Hmph!


I’ve never been able to pass for a native New Englander. Even though I had lived in my hometown from the age of three, by high school, my classmates were still referring to me as “the new kid”. So imagine my shock last year when I married into an Old Yankee family. Or, more to the point, imagine the family’s reaction to me.

Say what you will about the essential Old Yankee character; there are certain personality traits that you come to expect when dealing with actual Old Yankees. Chief among these are what can be charitably described as practicality and “thrift”. My wife comes from one of the most practical and “thrifty” of Old Yankee families. As soon as I was introduced to the family, my wife’s relatives started sizing me up and asking what I was good for. Never mind that my own family had been asking the same question for years; the in-laws meant the question in a practical and “thrifty” sense; what practical use could be made of me?

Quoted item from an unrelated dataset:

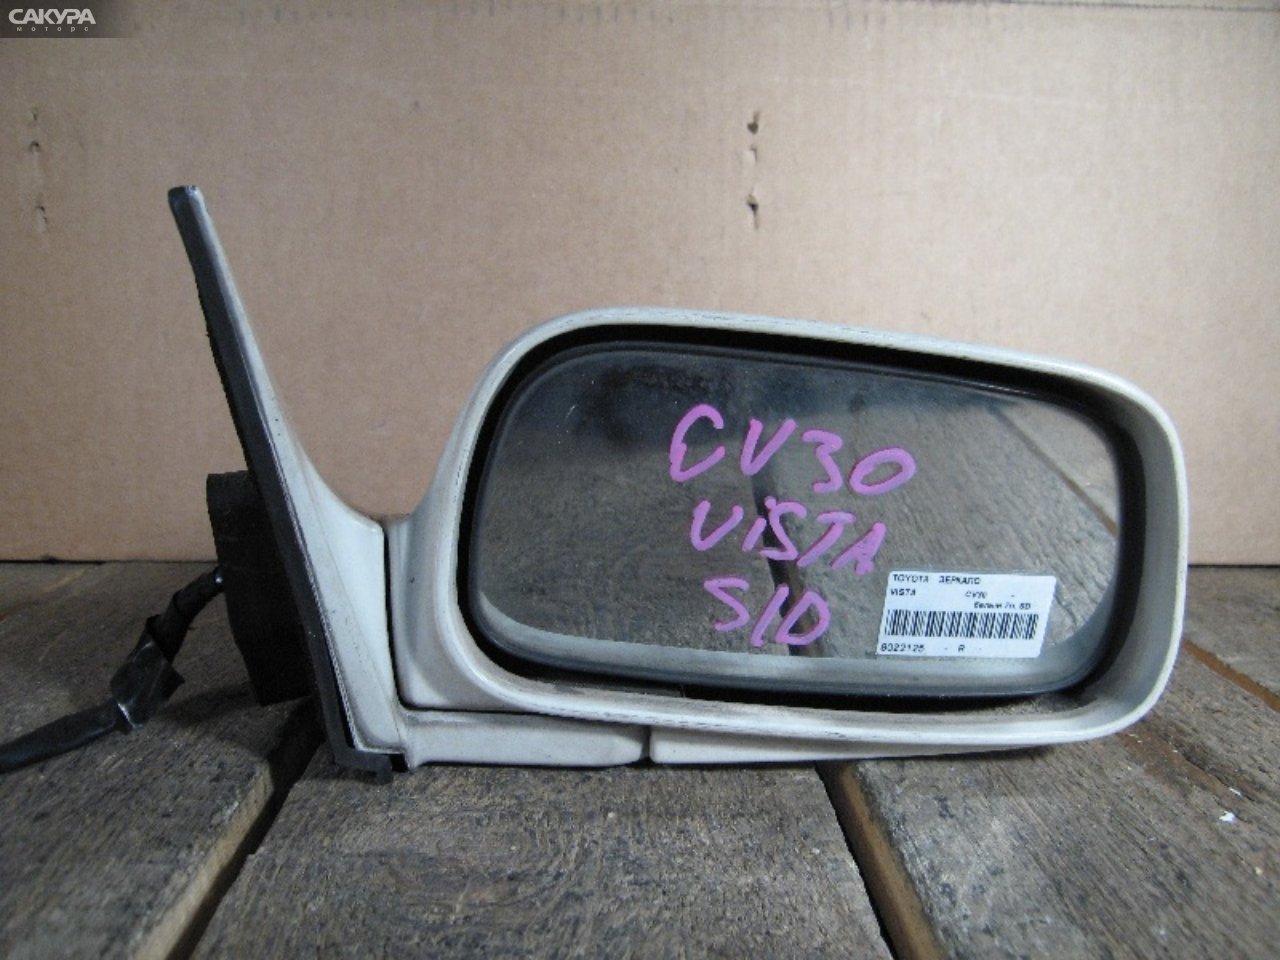 Зеркало боковое правое Toyota Vista CV30: купить в Сакура Абакан.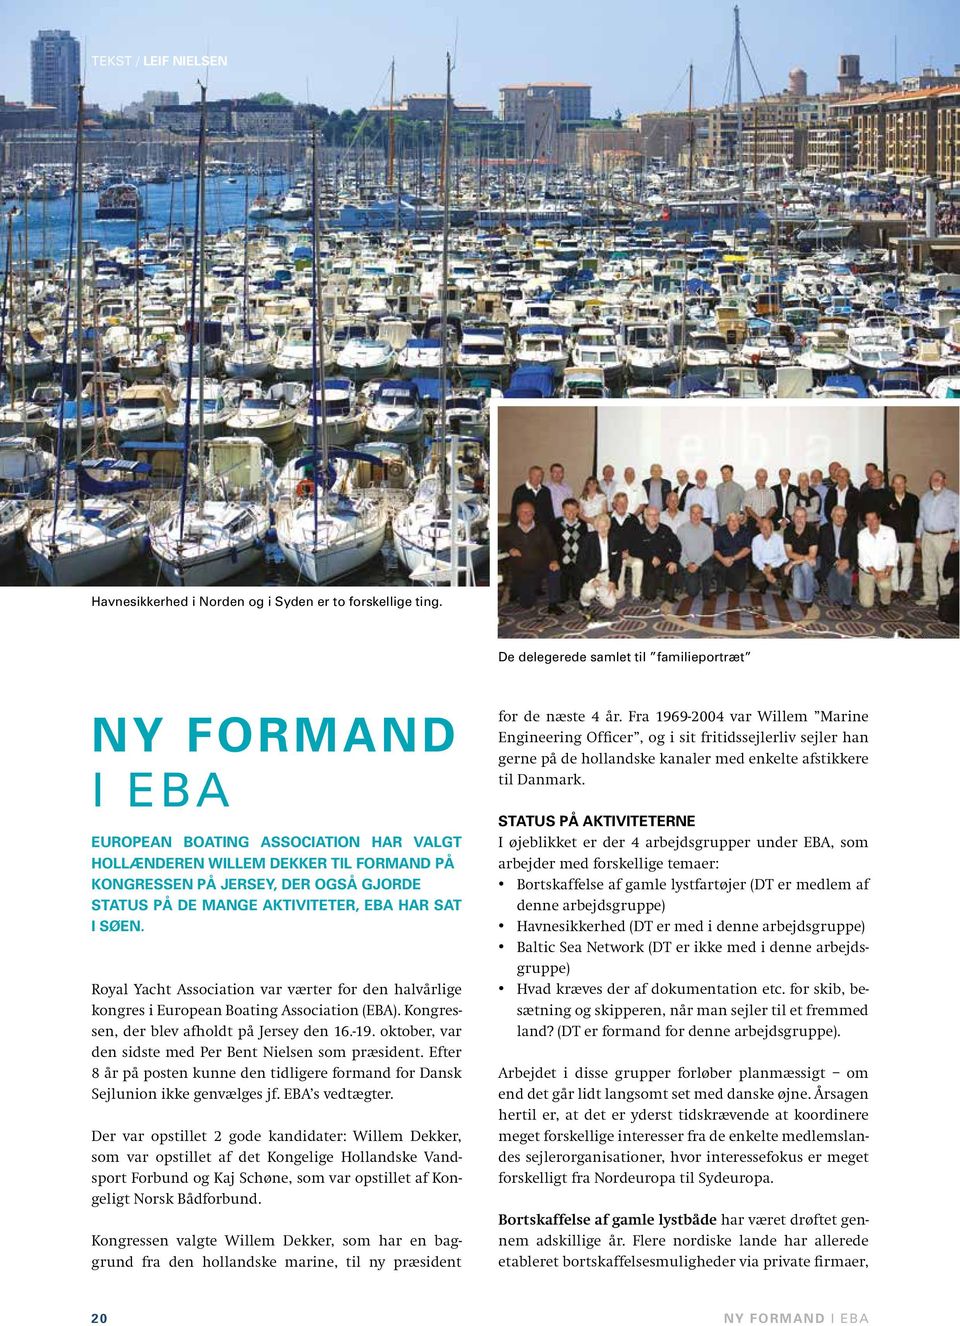 AKTIVITETER, EBA HAR SAT I SØEN. Royal Yacht Association var værter for den halvårlige kongres i European Boating Association (EBA). Kongressen, der blev afholdt på Jersey den 16.-19.

If my wife had married a lawyer, the family could have understood that; someone in the family might be sued someday and I might come in handy. Better yet, if I had been a plumber or a roofing contractor, I would have had instant and obvious worth. Unfortunately, as a school teacher and (even worse!) a writer, I pose a bit of a challenge to my wife’s extended networks of aunts, uncles and cousins. Even now, they still don’t know what to make of me.

Now, as I sit in a rented ballroom at the wedding reception for one of my wife’s cousins, I try not to sweat too much at the scrutiny of the family. In accordance with a longstanding and unspoken agreement, the groom and his new bride are off-limits to this examination, so as the next-most-recently married couple, my wife and I are subject to interrogation.

“So, is this your husband?” an aunt asks my wife. I start to introduce myself, but am quickly silenced by meaningful glances all around. By tradition, these questions can only be asked and answered in the third-person.

My wife answers that yes, this is him.

“And what does he do?”

My wife briefly considers telling the truth (“He watches a lot of tool shows on tv and falls asleep in the car”), but in the end, sticks with tradition by giving a strictly occupational answer. “He’s a teacher.”

“Hmph.”

Now, the sound “hmph” is an extremely versatile one with a wealth of meanings. With one emphasis it can express, “Wow! That is very impressive indeed!”, or “Golly, I don’t think I’ve ever heard of that job before”, or “Gosh, I shouldn’t have eaten that third helping of tuna casserole”. This particular “hmph” is several degrees beyond any of those. It is a deeply suspicious “hmph”, the “hmph” of someone being exposed to something extremely questionable and possibly dangerous. This is the same “hmph” that anyone in my wife’s family makes when served sushi for the first time and assured that it will not kill them.

I am exposed to several more “hmph”s of this sort before finding a small amount of common ground with my new in-laws; we all really appreciate the open bar – they, because it suits their native “thriftiness” and me, because at this point, I really need a drink.

I am finally saved from further vicarious interrogation by the entrance of the bride and groom. Everyone is shown to their tables, the wedding party is toasted (given the open bar, “toasted” on several fronts) and the guests start digging into their salads. We have only taken a few bites when a piercing and profoundly disturbing noise starts up – something like a cross between a bus full of children on a field trip and a police raid of an illicit nightclub. The guests at the children’s tables have all been given packets of toys and activities to keep them occupied during the reception. This is a really good idea, but in a moment of patent insanity, someone has included plastic whistles in these packets. Within moments, life has gotten even more unpleasant.

We try to ignore the noise, but eventually the sheer unpleasantness of the situation forces me to do something about it. I call out to the first child I see running by with one of these whistles in his mouth. I offer to buy it for a dollar. Because he was born into this family and has “thrift” grafted onto his basic genetic structure, he sells me his whistle before he can think about it very much. I tell him that I will buy any more whistles from him for the same price. Much like a cartoon character, the pupils of his eyes are replaced with little dollar signs.

My new business partner spends the next hour or so mugging other children for their whistles and fencing them to me. The few children he can’t beg, borrow or steal whistles from are so busy hiding them from this kid that they can’t blow them. Other tables take up collections and send over donations to help me continue with my good work. The Head Table clinks their glasses for silence, then toasts me.

Several of my wife’s aunts and uncles look at me with new respect in their eyes and say “hmph”. It’s not a uniformly positive “hmph”, but it’s a good start.